Common molecular 'signature' identified in solid tumors

Scientists have discovered that a wide variety of different cancers actually share something in common – a molecular "signature" made up of tiny bits of genetic material called microRNA (miRNA) that target key cancer genes and promote malignant growth.

The finding provides more insight into miRNA as an emerging class of gene regulators and may also pave the way for new approaches in diagnosis and treatment.

The study appears online in the Proceedings of the National Academy of Sciences.

Scientists have only recently begun to understand how important microRNA may be in regulating gene expression. For years, these tiny bits of genetic material went unnoticed – nestled within vast stretches of the genome that appeared to be non-functional. They may have been easy to overlook: miRNAs are usually only 22 or so nucleotides in length – miniscule in size when compared to their cousins, messenger RNA, which can be several hundred to a thousand times that long.

But several years ago, researchers studying roundworms noted that properly functioning miRNA was necessary for normal development. Since then, scientists in laboratories around the world have identified hundreds of miRNAs and found that they are highly conserved over time – meaning that they show up in generation after generation in everything from plants to mice to humans – confirming their important roles in growth and survival.

Carlo Croce, professor and chair of molecular virology, immunology and medical genetics at The Ohio State University and the first researcher to discover miRNA involvement in human cancer, had a hunch that there might be shared patterns of miRNA among certain cancers.
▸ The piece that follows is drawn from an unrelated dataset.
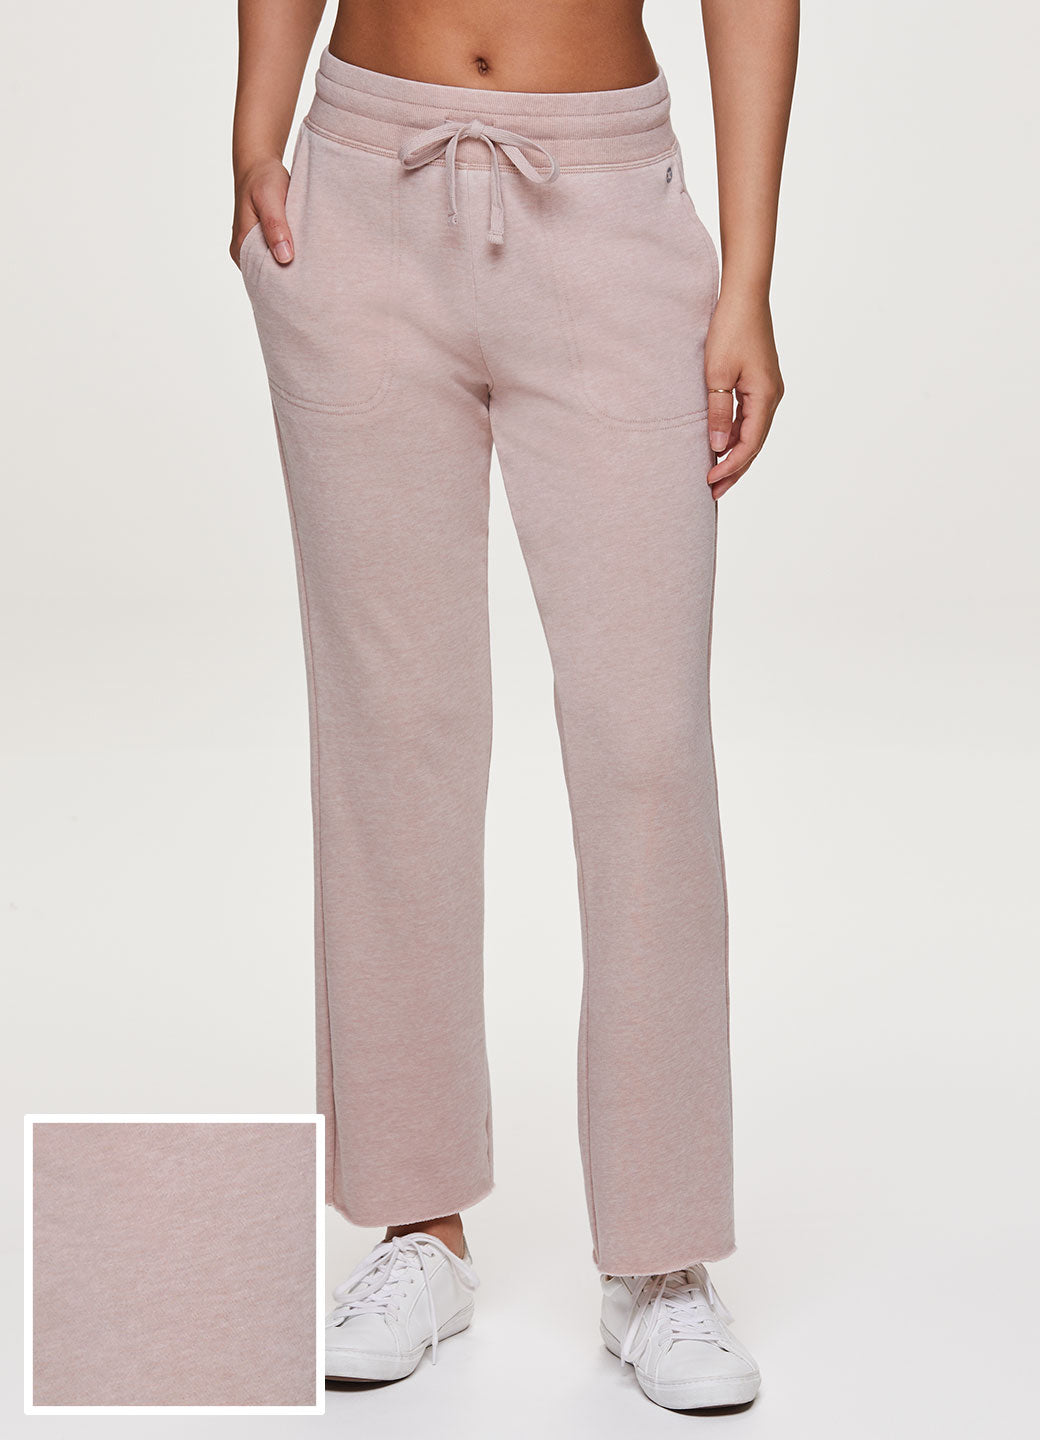 Zen French Terry Flare Pant

Under his direction, researchers looked for miRNA activity, or expression, in 540 samples of lung, breast, stomach, prostate, colon and pancreatic tumors and in the normal tissue surrounding them.
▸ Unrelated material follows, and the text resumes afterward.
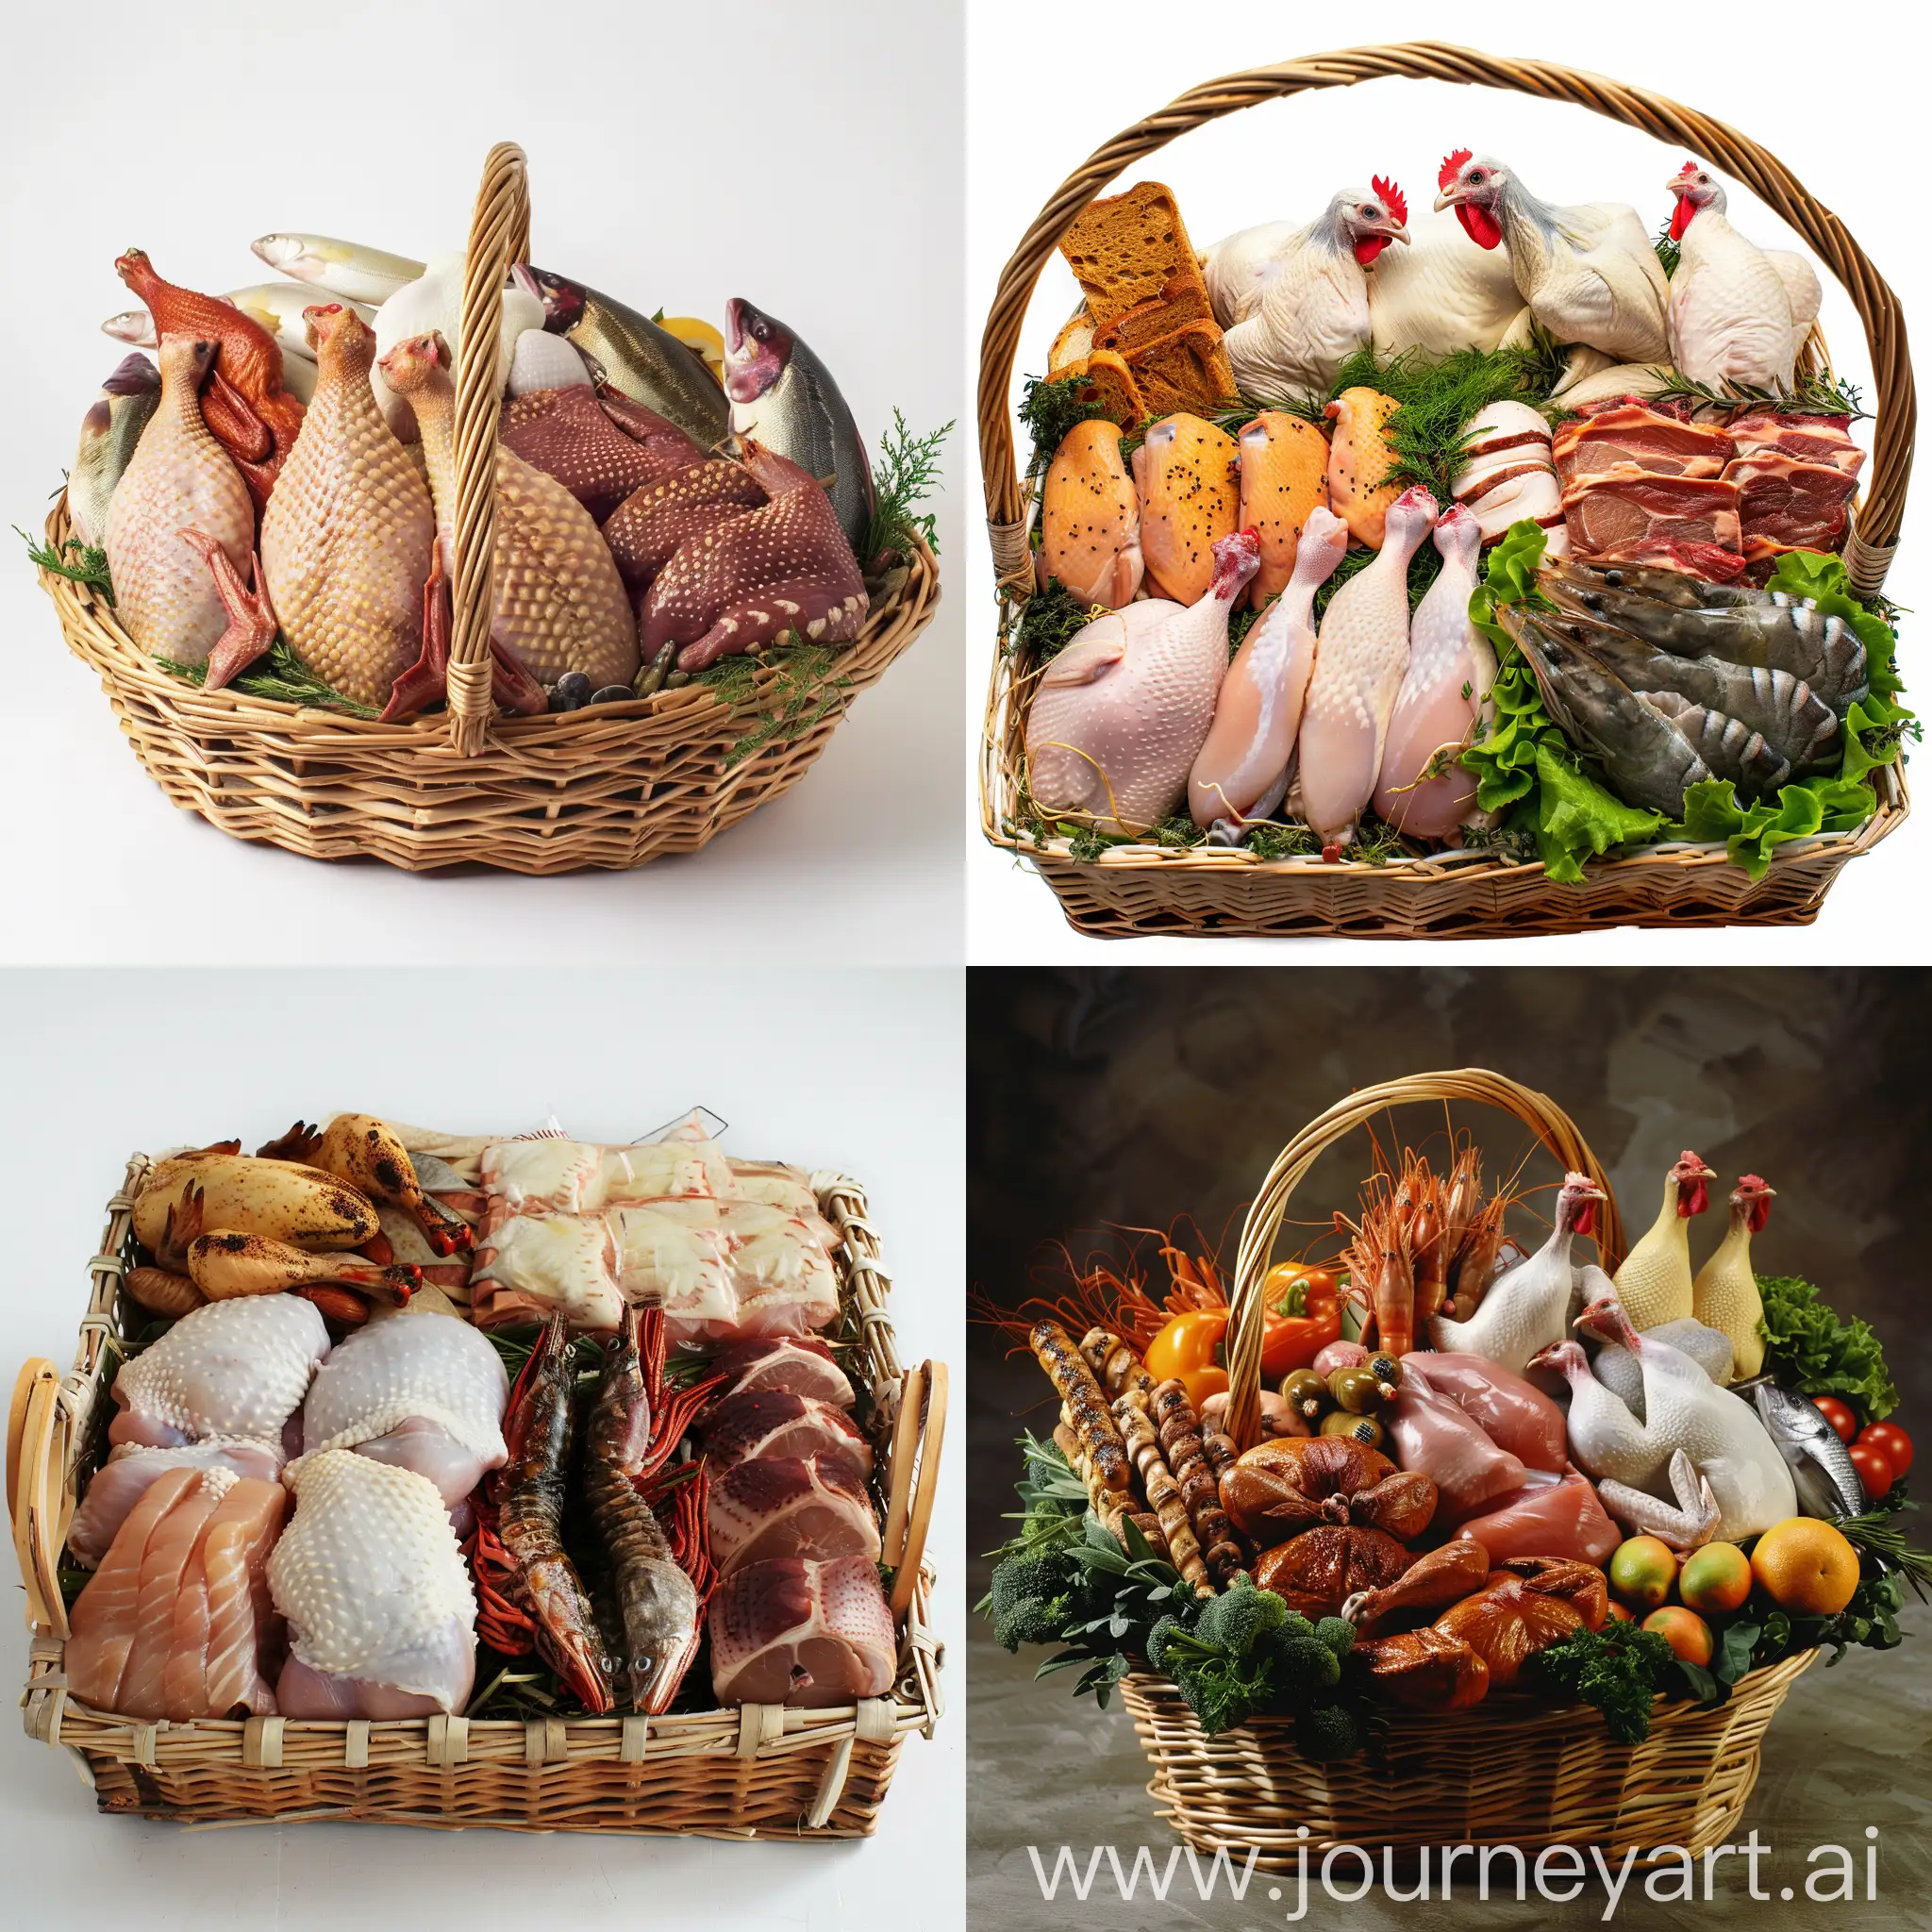 Basket-of-Fresh-Poultry-and-Aquatic-Products

Using microarray technology developed at Ohio State , lead investigators Stefano Volinia and George Calin found 137 different miRNAs expressed in at least half of the cancers, with 43 miRNAs allowing scientists to distinguish the difference between normal and malignant tissue.

Further tests showed that 21 of the distinguishing miRNAs were deregulated in at least three of the cancers – and in some cases, as many as five or all six. The researchers defined this limited set as the "miRNA signature" in solid tumors.
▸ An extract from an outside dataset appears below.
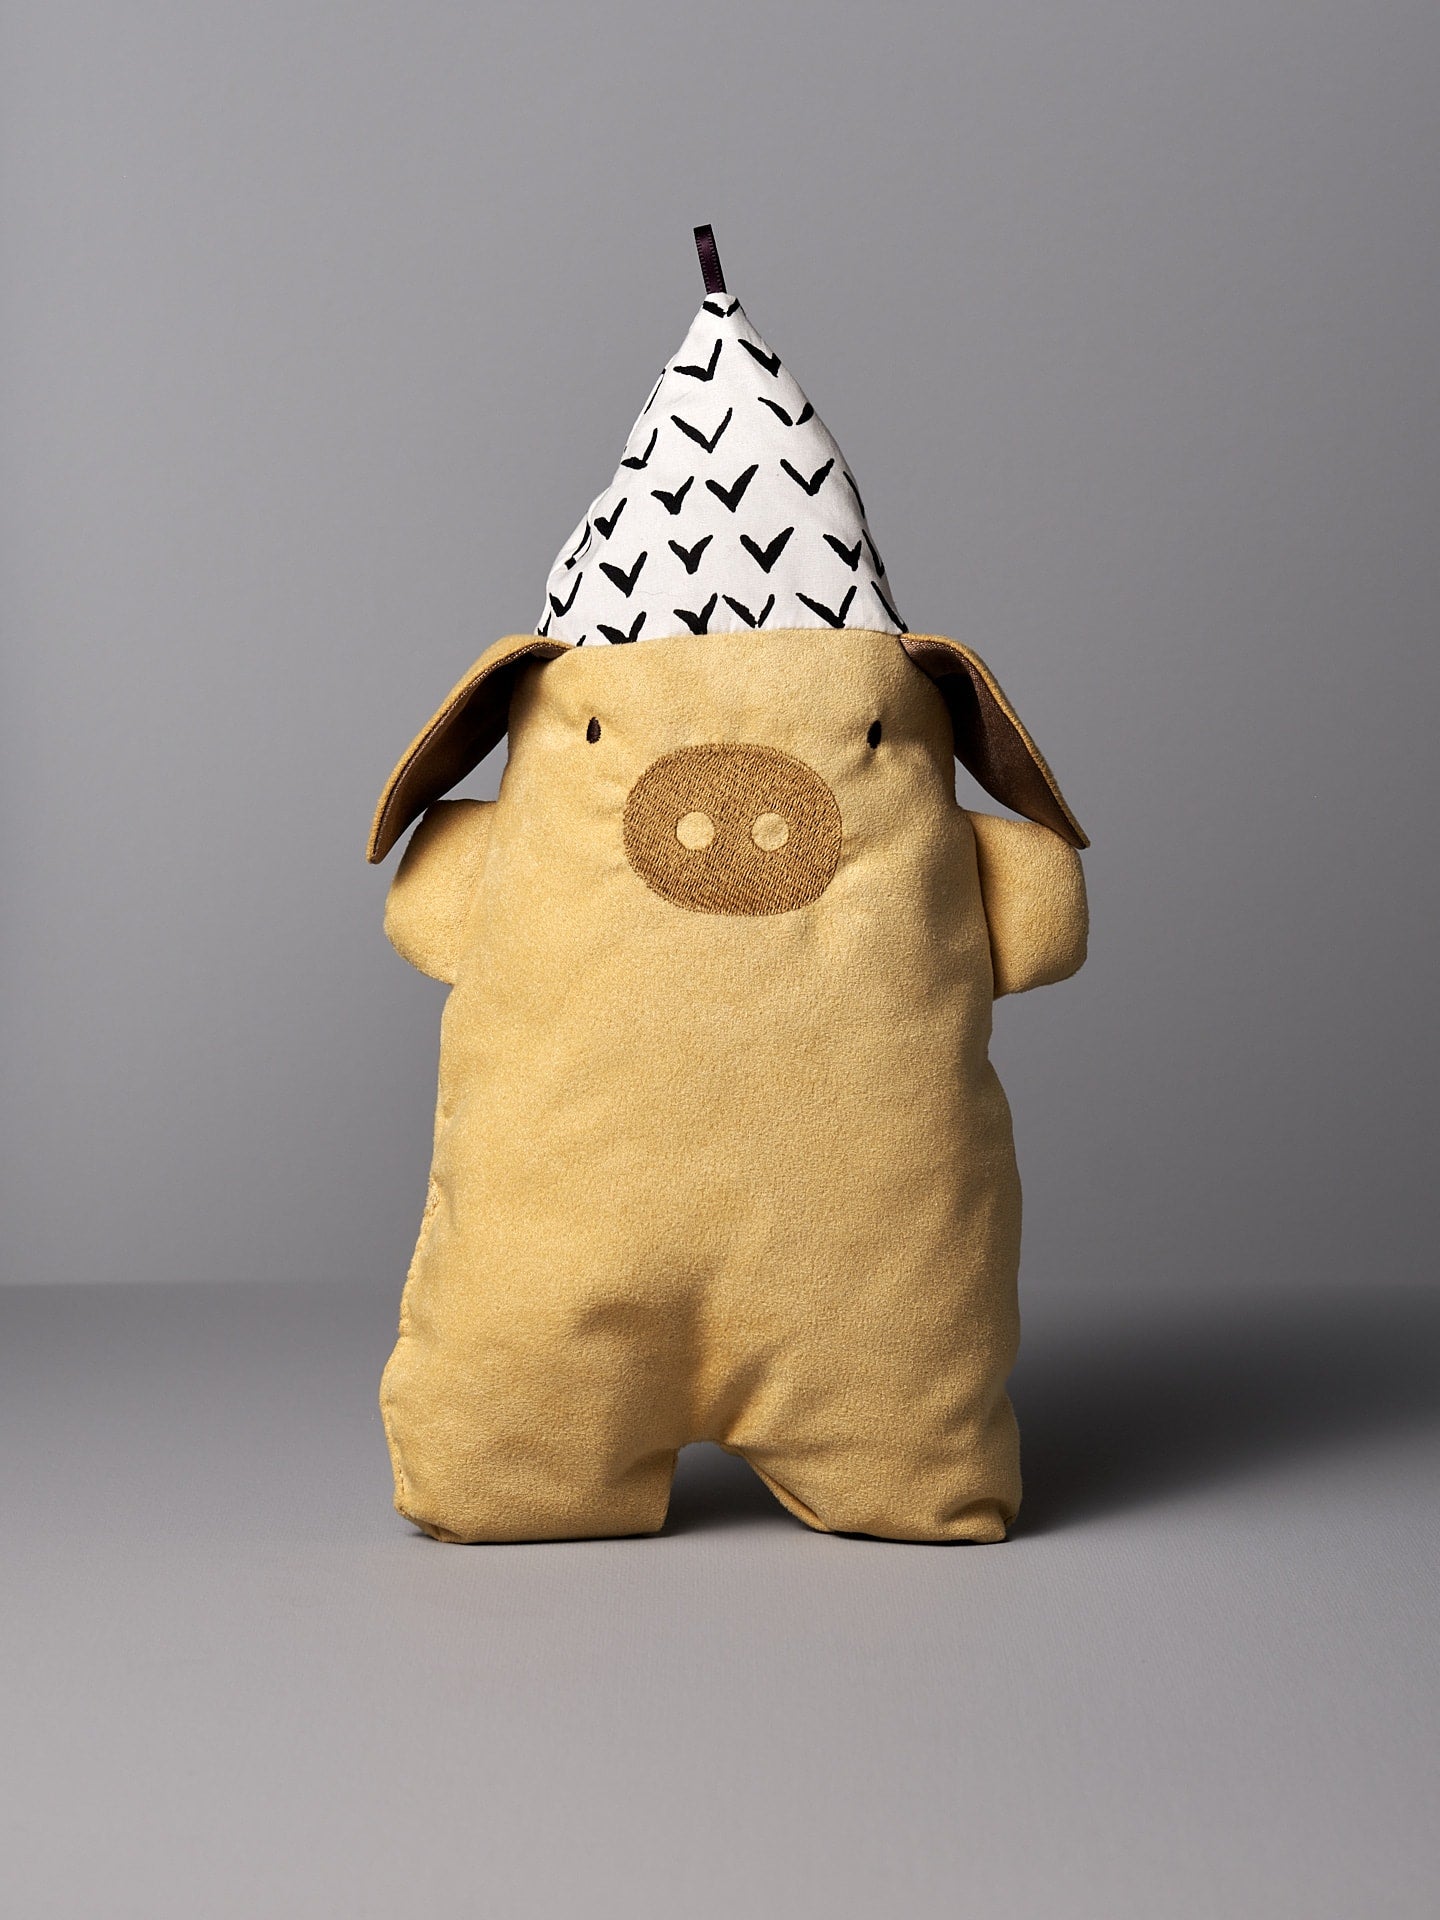 A Yali le Cochon stuffed pig wearing a party hat from Raplapla.

Croce says finding such a signature is important because it shows that many forms of cancer share common genetic pathways that become scrambled as cancer takes hold and spreads. He says narrowing the list of the most active ones provides a guide to directing future research.

"We know that there are hundreds of miRNAs, and some of them may have multiple gene targets. Finding the ones that appear over and over again in various forms of cancer will help us design new and better interventions," says Croce.

MiRNAs can behave like oncogenes, which promote tumor growth, or tumor suppressors, which keep potentially malignant cells in check. Croce points out that miRNA activity is tissue-sensitive, meaning some miRNAs may be overexpressed, or "turned on" in some of the cancers while in others they are underexpressed, or "turned off."

In the six types of cancer in the study, the majority (26) of the miRNAs were overexpressed, while 17 were underexpressed.

Calin and Volinia also identified several key cancer genes the miRNA signature targets, including the tumor suppressors retinoblastoma-1 (RB1) and transforming growth factor, beta receptor 2 (TGFBR2).

Croce predicts that miRNAs themselves may one day be used as treatments. "If we can replace miRNAs that are lost and block those that are overly abundant, then maybe we can prevent some of the very earliest changes that happen in the development of cancer. There is a lot of work that still needs to be done, but I am convinced that this field will give us more precise and less toxic ways of dealing with cancer than we have today – even considering some of our new, molecularly-targeted therapies." Support from the research came from the National Cancer Institute, the Italian Ministry of Public Health, the Italian Ministry of University Research Telethon, the Italian Association for Cancer Research and a Kimmel Scholar award to George Calin.